# To do:
Take the lines from the one with "Image of two members in a stadium" through the end of the material below and repeat them exactly, dropping every picture.

# Data segment:

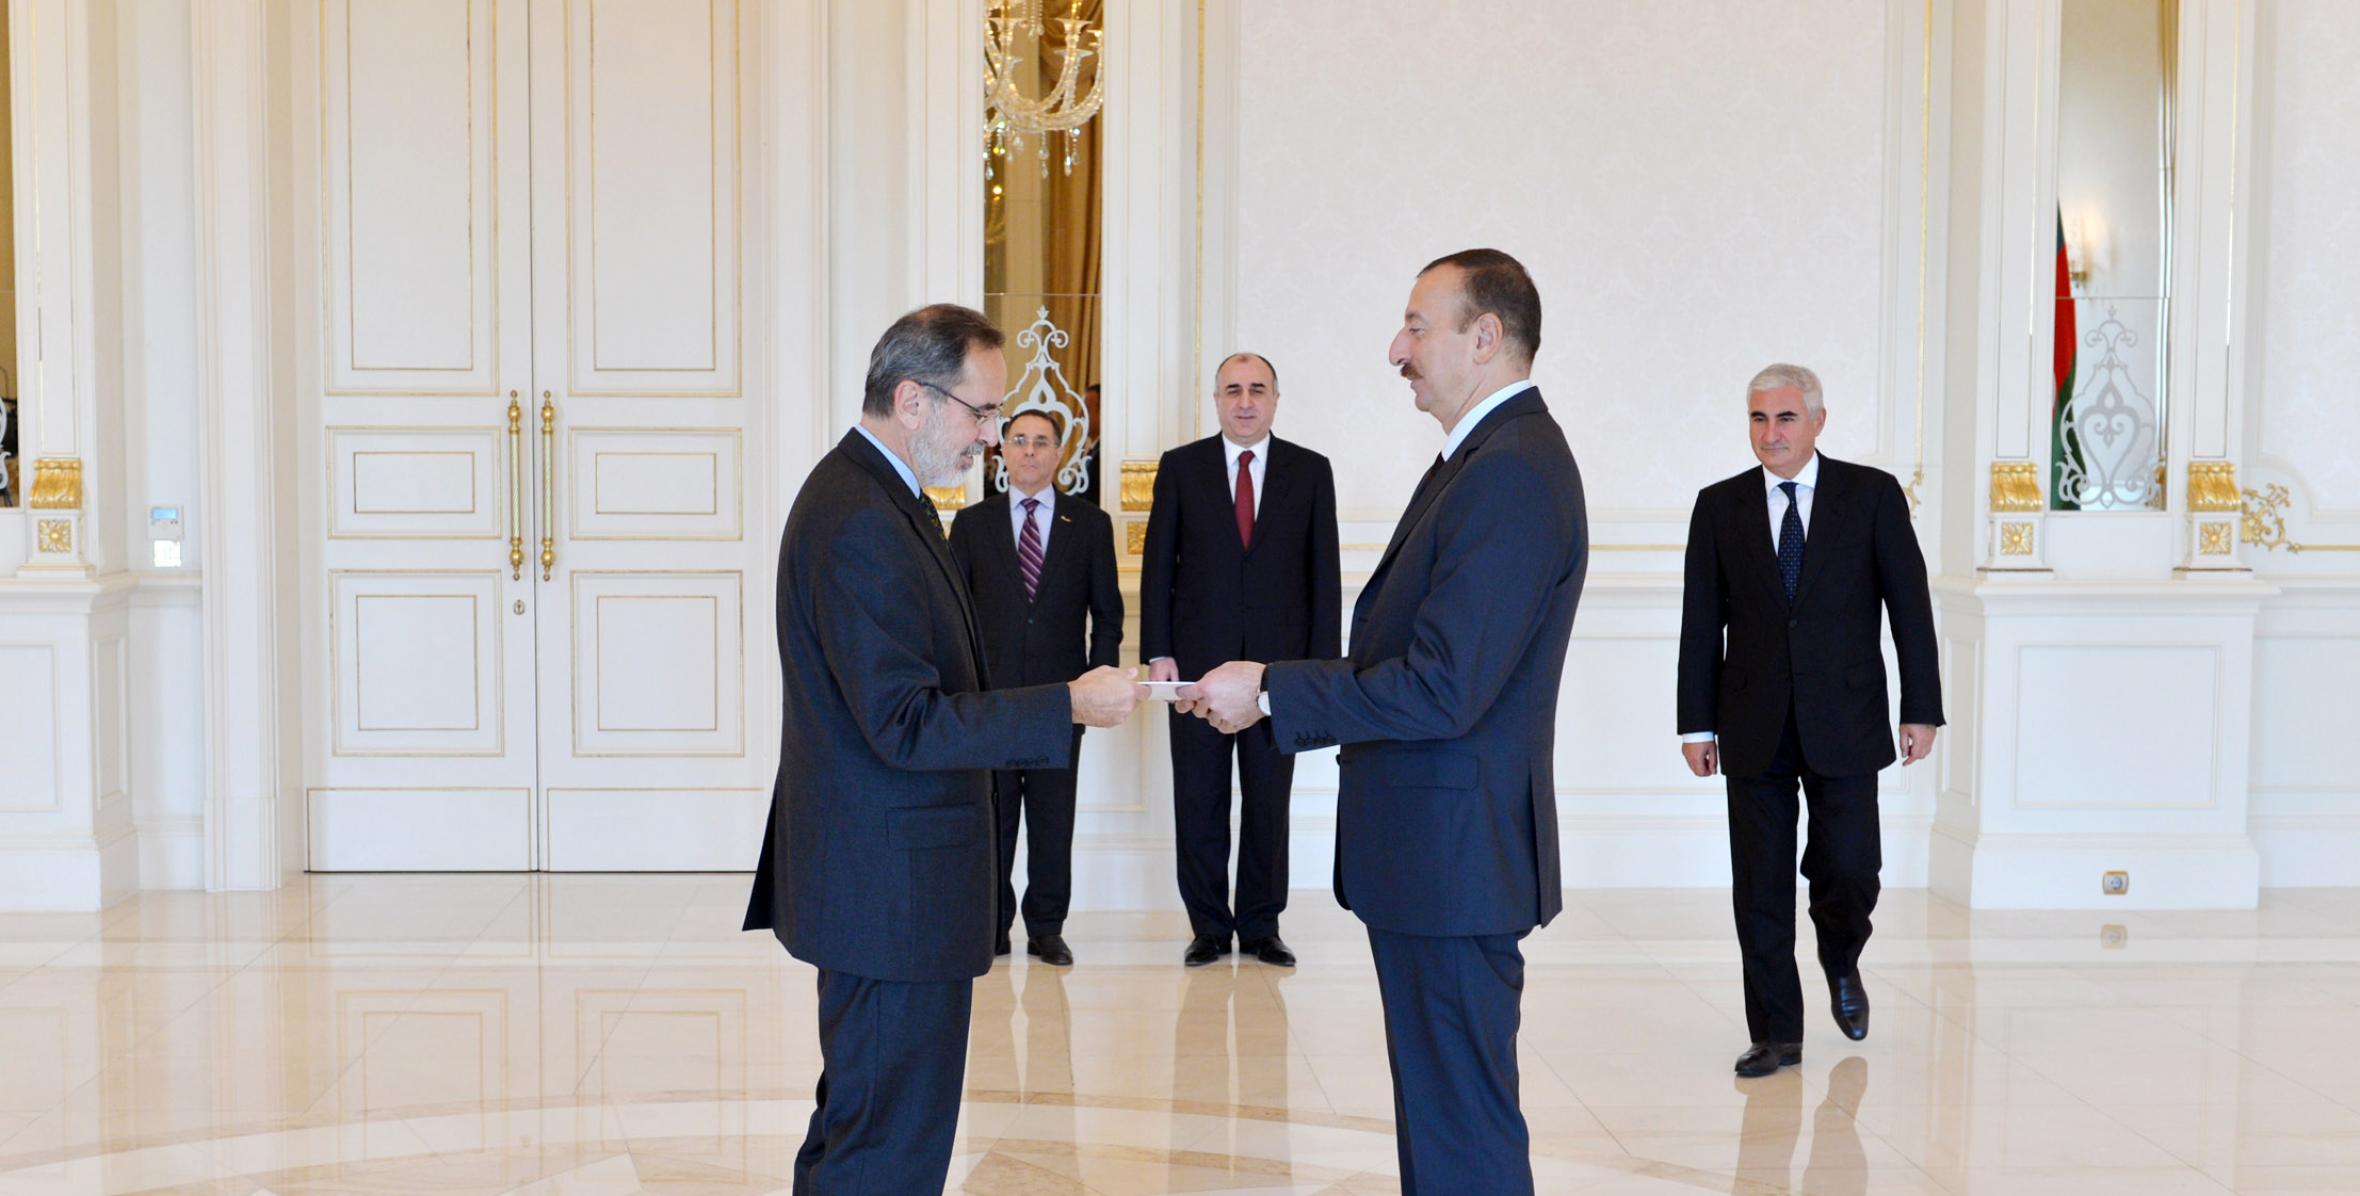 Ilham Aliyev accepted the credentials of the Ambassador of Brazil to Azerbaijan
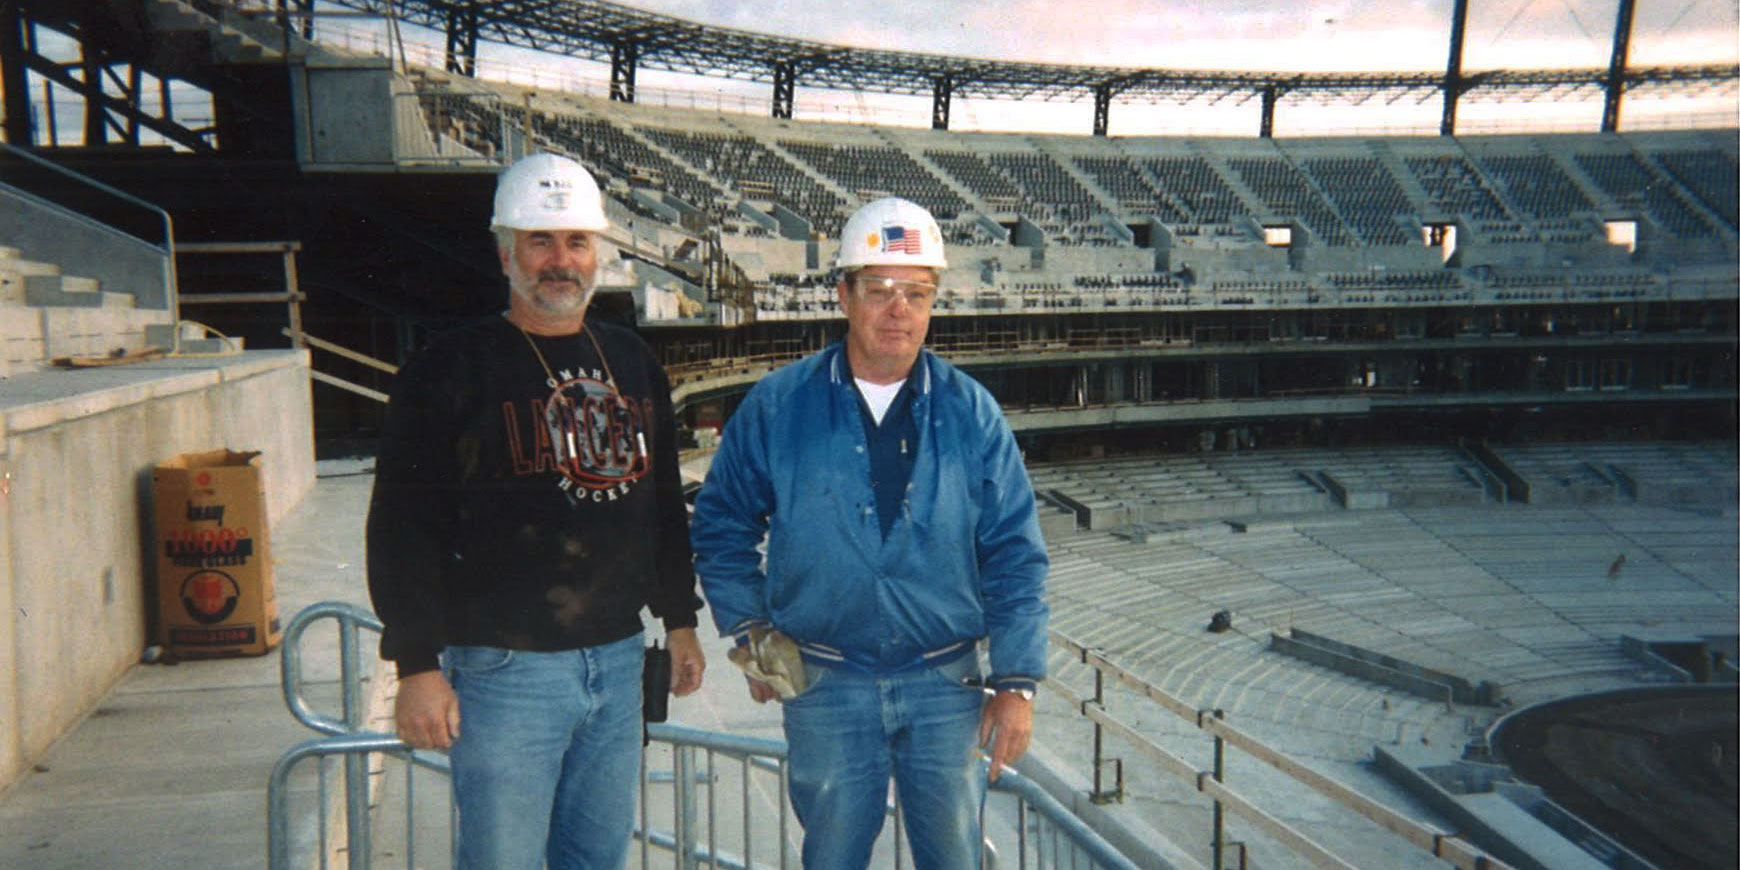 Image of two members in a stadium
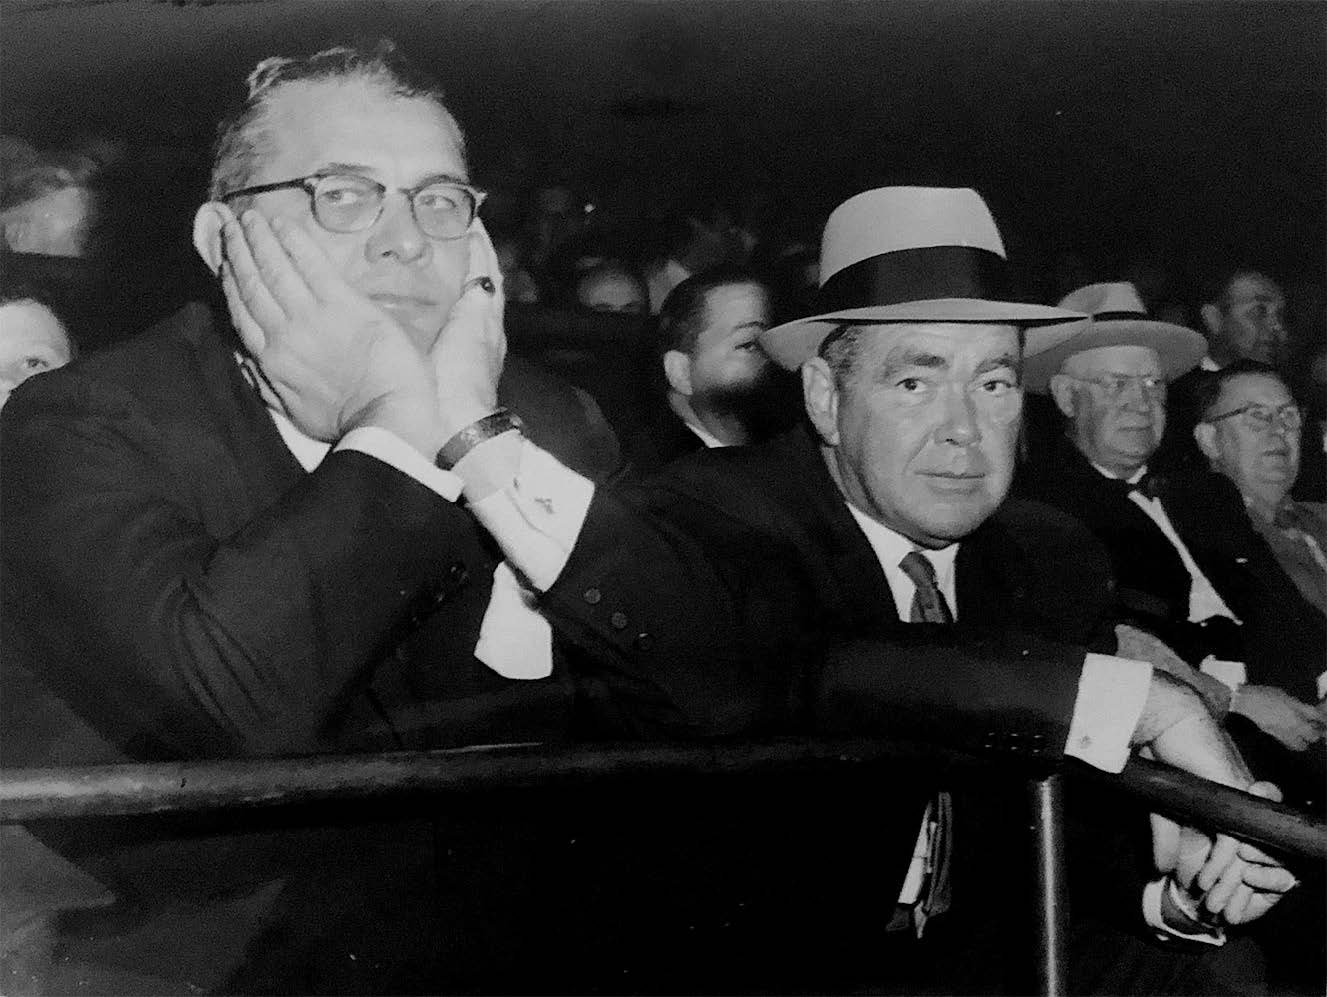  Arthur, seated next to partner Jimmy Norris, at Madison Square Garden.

# Solution for this exercise:
 Image of two members in a stadium
  Arthur, seated next to partner Jimmy Norris, at Madison Square Garden.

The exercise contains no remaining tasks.